NeuralPosterior objects are picklable.

import pickle

# ... run inference
posterior = inference.build_posterior()

with open("/path/to/my_posterior.pkl", "wb") as handle:
    pickle.dump(posterior, handle)

Note: posterior objects that were saved under sbi v0.22.0 or older cannot be loaded under sbi v0.23.0 or newer.

Note: posterior objects that were saved under sbi v0.17.2 or older cannot be loaded under sbi v0.18.0 or newer.

Note: if you try to load a posterior that was saved under sbi v0.14.x or earlier under sbi v0.15.x until sbi v0.17.x, you have to add:

import sys
from sbi.utils import user_input_checks_utils

sys.modules["sbi.user_input.user_input_checks_utils"] = user_input_checks_utils

to your script before loading the posterior.

As of sbi v0.18.0, NeuralInference objects are also picklable.

import pickle

# ... run inference
posterior = inference.build_posterior()

with open("/path/to/my_inference.pkl", "wb") as handle:
    pickle.dump(inference, handle)

However, saving and loading the inference object will slightly modify the object (in order to make it serializable). These modifications lead to the following two changes in behavior:

1) Retraining from scratch is not supported, i.e. .train(..., retrain_from_scratch=True) does not work. 2) When the loaded object calls the .train() method, it generates a new tensorboard summary writer (instead of appending to the current one).

I trained a model on a GPU. Can I load it on a CPU?

The code snippet below allows to load inference objects on a CPU if they were saved on a GPU. Note that the neural net also needs to be moved to CPU.

import io
import pickle

#https://stackoverflow.com/questions/57081727/load-pickle-file-obtained-from-gpu-to-cpu
class CPU_Unpickler(pickle.Unpickler):
    def find_class(self, module, name):
        if module == 'torch.storage' and name == '_load_from_bytes':
            return lambda b: torch.load(io.BytesIO(b), map_location='cpu')
        else:
            return super().find_class(module, name)

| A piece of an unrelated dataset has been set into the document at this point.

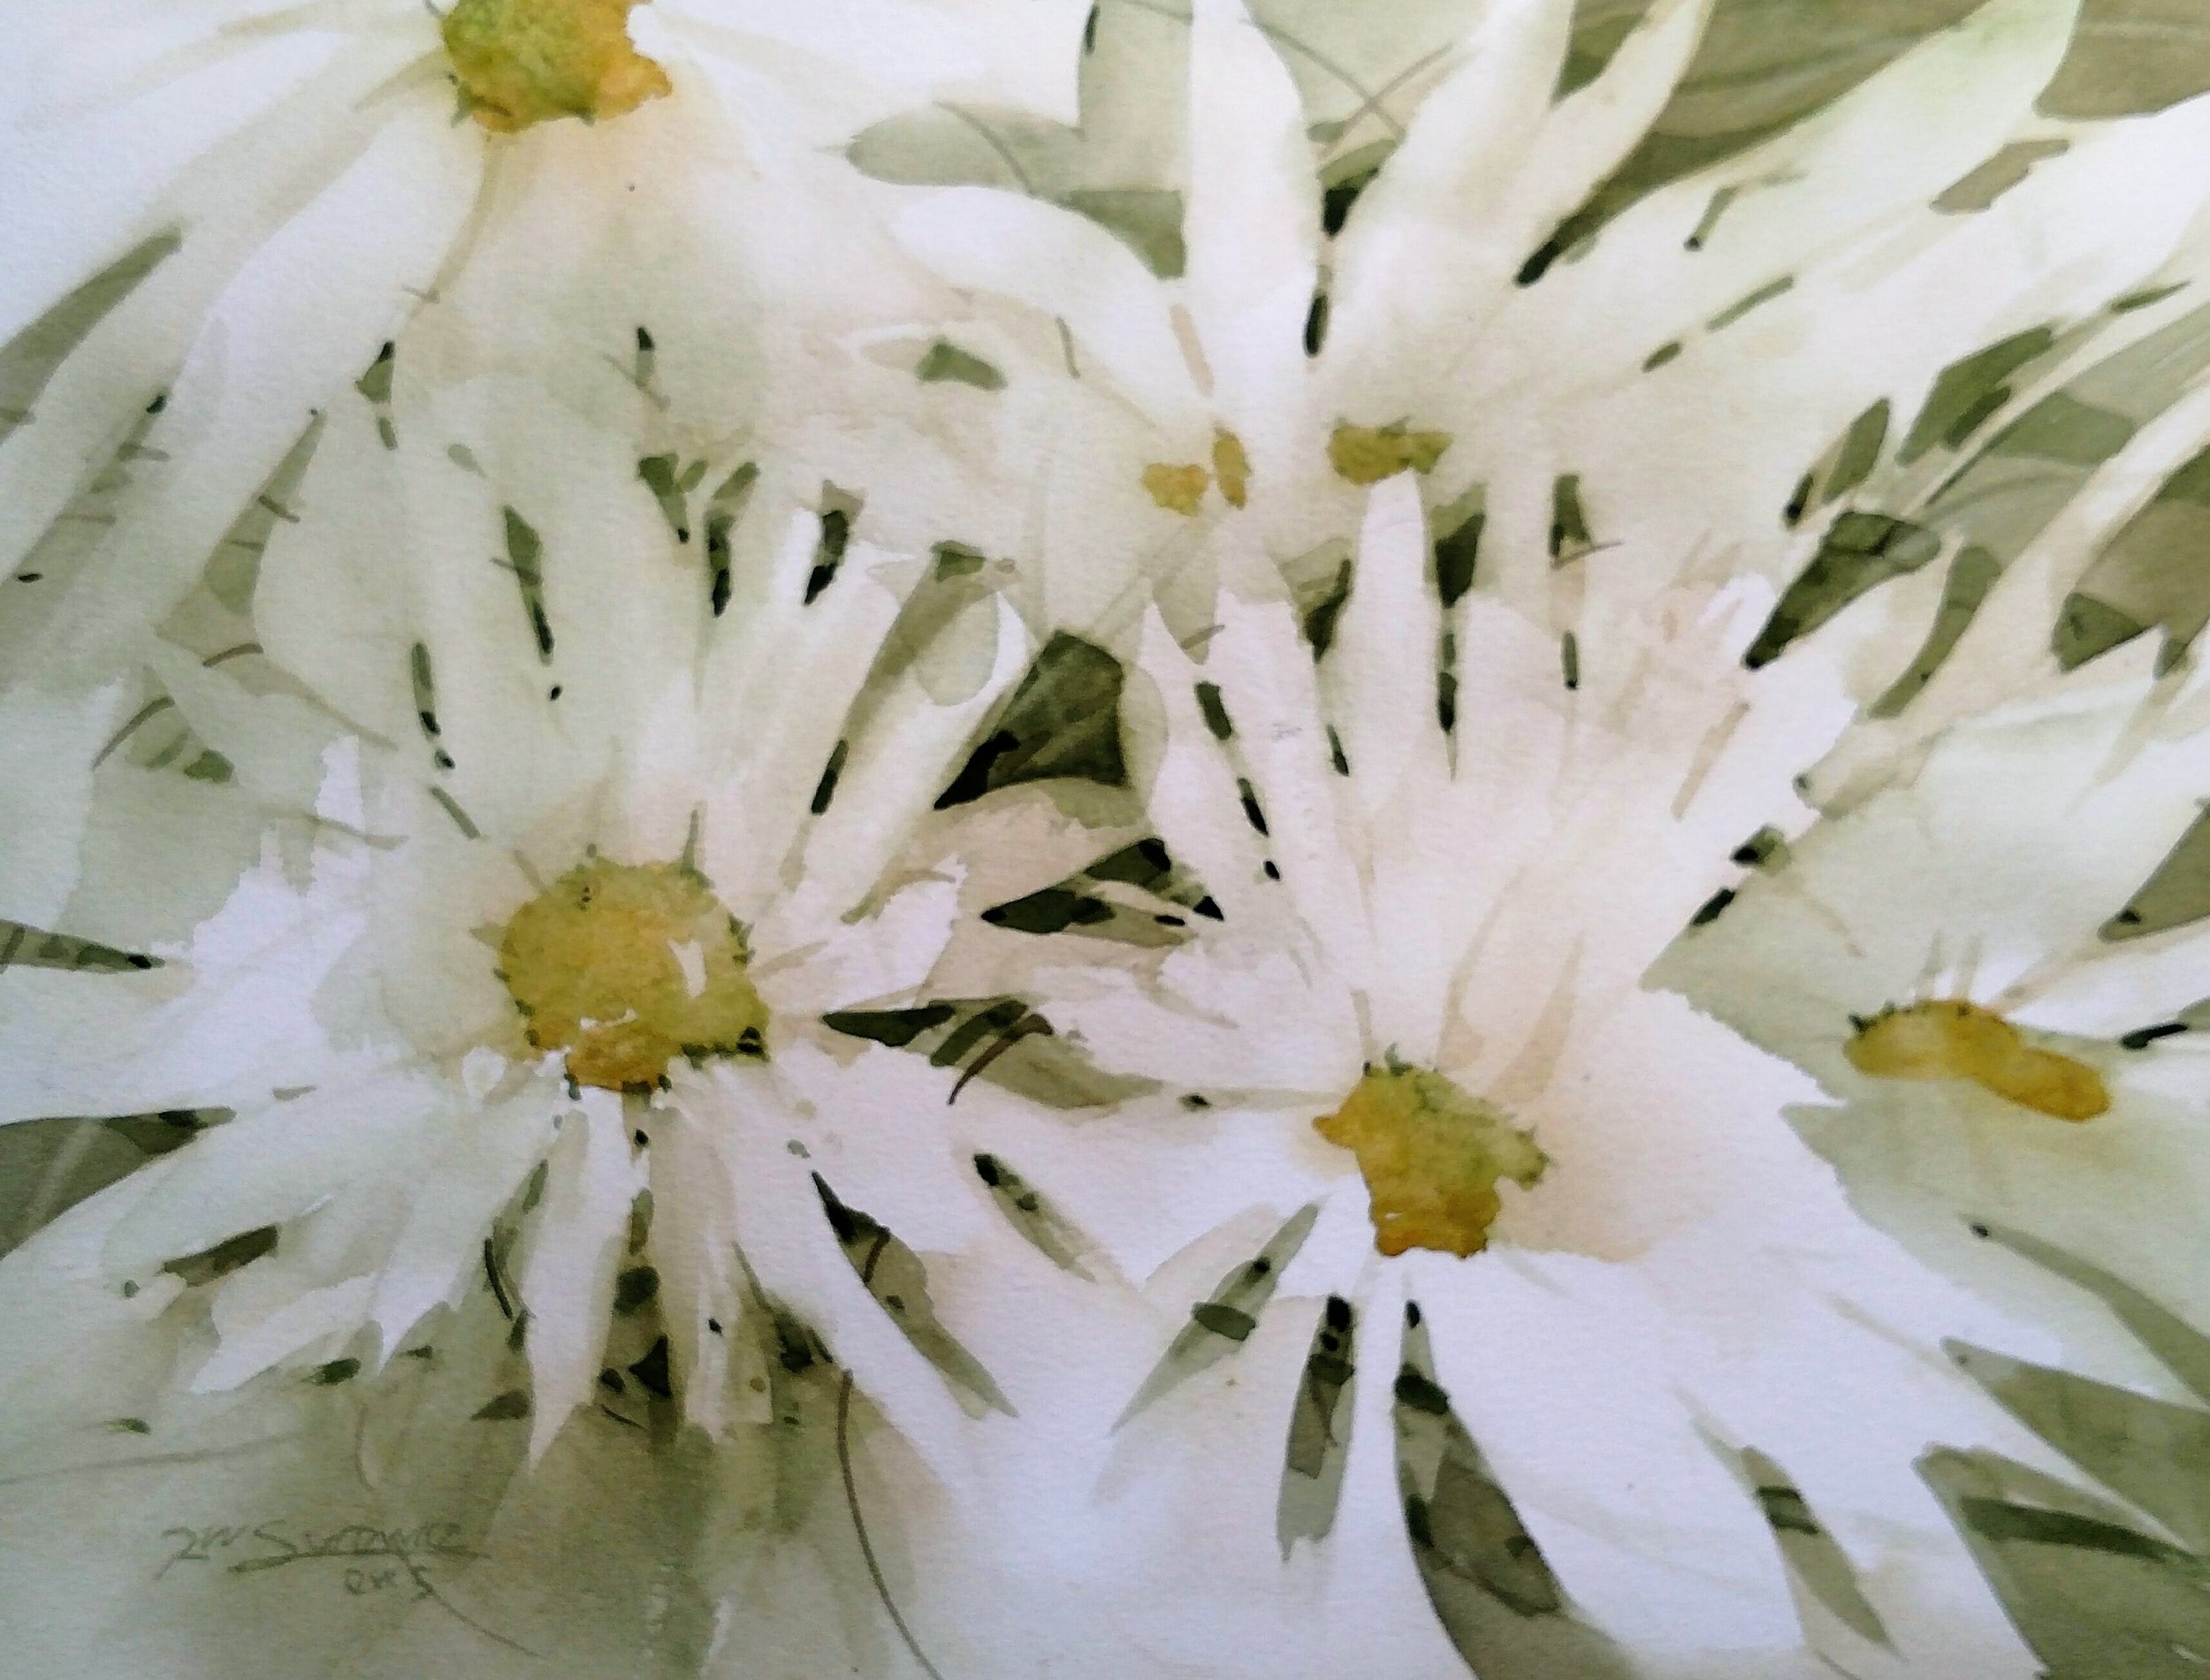 Bunch-of-Daisies-video-1.jpg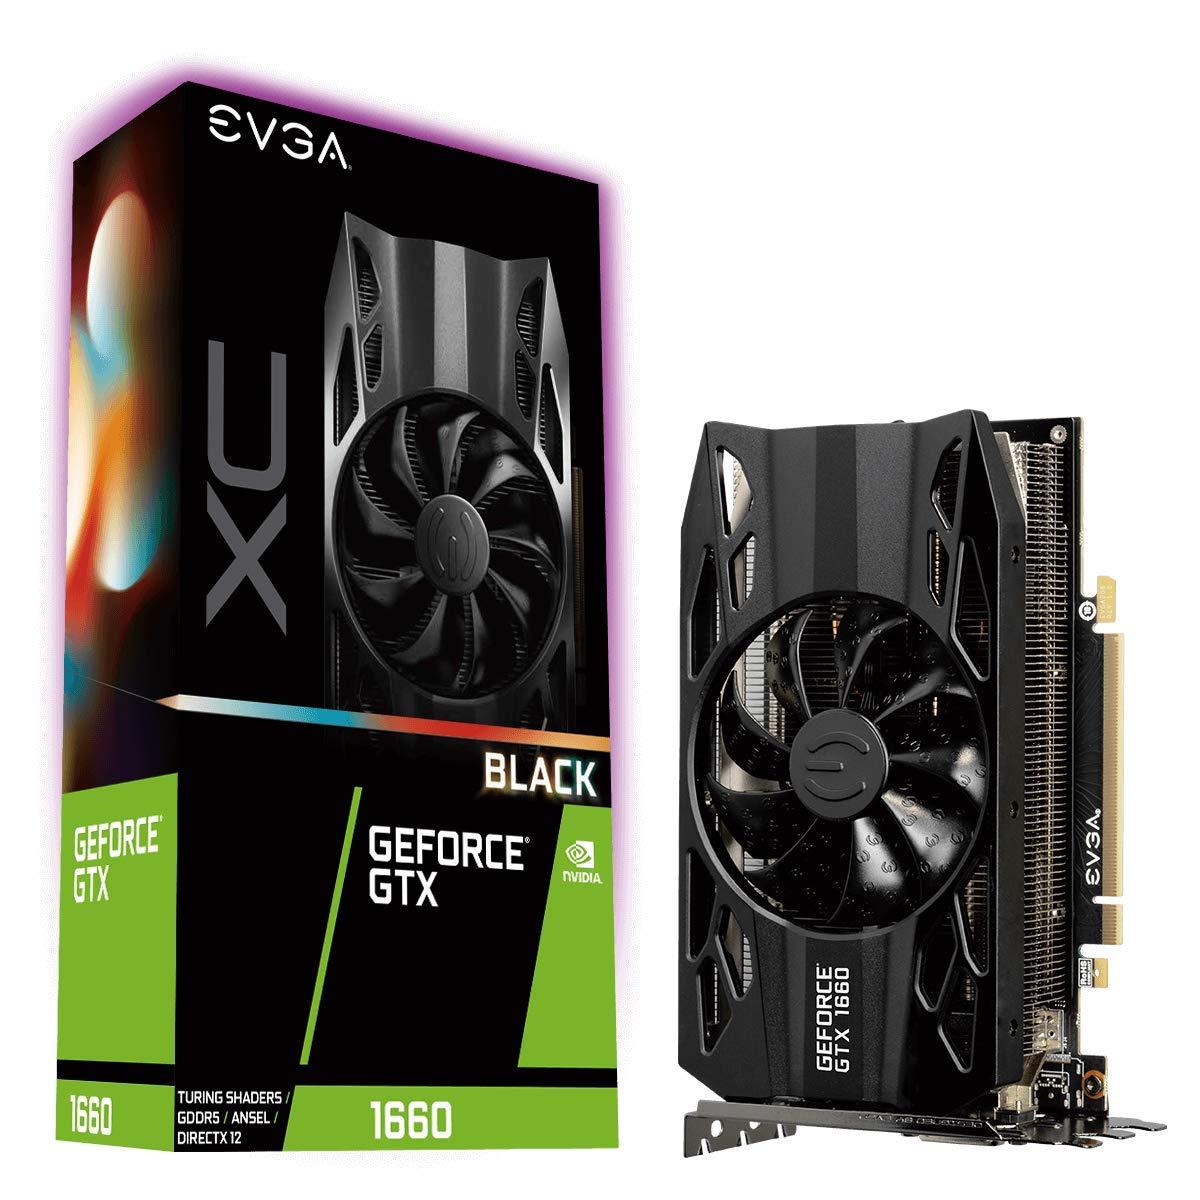 EVGA GeForce GTX 1660 XC BLACK GAMING, 6GB GDDR5, HDB Fan, Graphics Card £208.99 @ Amazon

with open("/path/to/my_inference.pkl", "rb") as f:
    inference = CPU_Unpickler(f).load()

posterior = inference.build_posterior(inference._neural_net.to("cpu"))

Loading inference objects on CPU can be useful for inspection. However, resuming training on CPU for an inference object trained on a GPU is currently not supported. If this is strictly required by your workflow, consider setting inference._device = "cpu" before calling inference.train().